The report “Community Capacity Draining: The Impact of Current Funding Practices on Nonprofit Community” (2004) authored by Lynn Eakin for the Community Social Planning Council of Toronto outlines the effects of the funding changes in the nonprofit sector through an analysis of 155 programs provided by 10 organizations and funded at $36.5 million dollars. The findings raise serious questions about the suitability of current funding regimes and identify an urgent need to reform funding structures to meet the needs of the community. In an effort to contribute to the dialogue on Funding Matters in Halton, this issue of Community Dispatch shares with you this study’s findings and important recommendations. They resonate with the experience of Halton nonprofit agencies.
Community organizations perform an important role in society. Community organizations are among the most diverse of our voluntary organizations. They provide services to seniors and the homeless, daycare and parent drop-in services for young children, after school programs, youth programs, mental health services, newcomer settlement services, supports for people with disabilities and more. They are vital to the engagement and supports of a wider array of individuals through provision of a myriad of services.

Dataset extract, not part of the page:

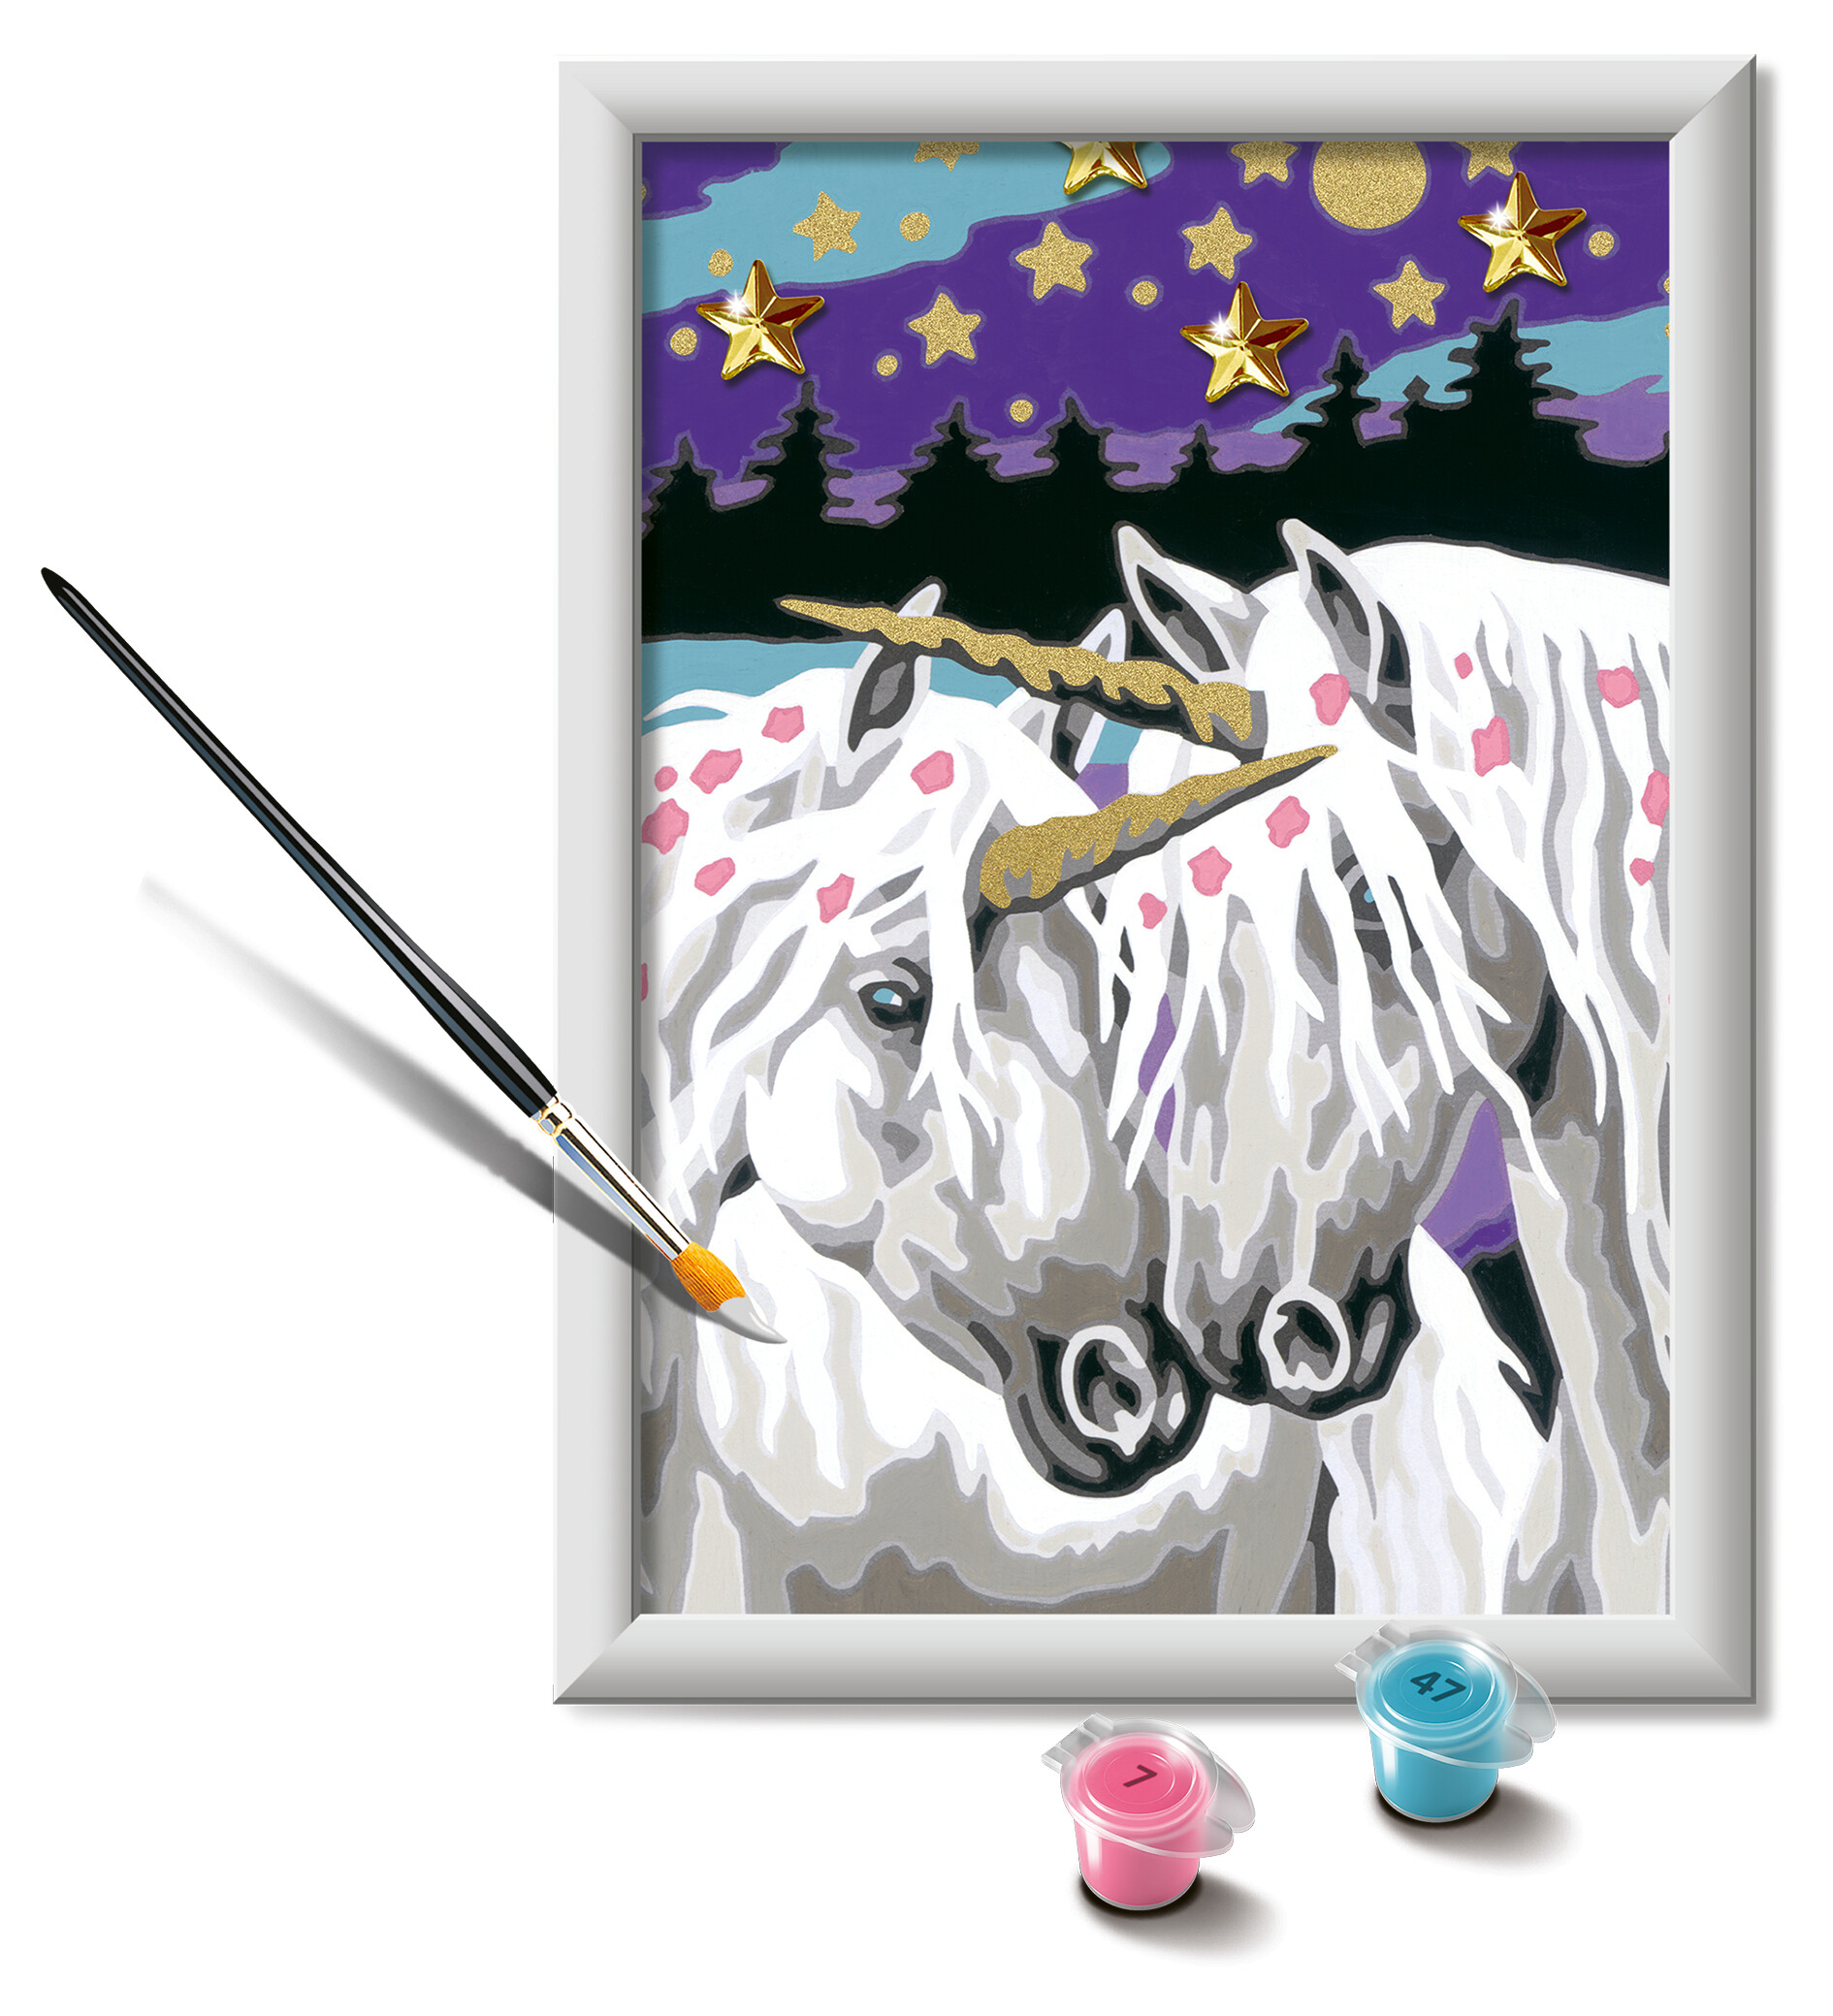 Ravensburger - creart serie e: unicorni innamorati, kit per dipingere con i numeri, contiene una tavola prestampata, pennello, colori e accessori, gioco creativo per bambini 9+ anni - RAVENSBURGER

Despite this important role, community-based organizations are experiencing financial distress which is manifest through staff streamlining and issues of program quality. It is clear from these research project findings that current funding practices cannot be sustained much longer for community organizations.
Since community organizations have multiple sources of funding, no single funder has an overview of agency funding and it is difficult for agencies to obtain a consistent analysis of their financial circumstance. Moreover, this fragmented funding and the disengagement of agencies from one another has meant that an overview for how the sector is faring does not exist. As a result of this disconnect each agency has been struggling in isolation.
This study used a structured framework to analyze data from ten agencies, both large and small, operating 155 funded programs totalling 36.5 million dollars. This research was undertaken by the Community Social Planning Council of Toronto for the City/Community Working Group on Stable Core Funding, funded by the United Way of Greater Toronto. The studyï¿½s purpose is to better understand the agency-level impacts of current funding practices, pinpoint the areas of concern, and inform recommendations for funding reform so that they may better address the structural challenges agencies face.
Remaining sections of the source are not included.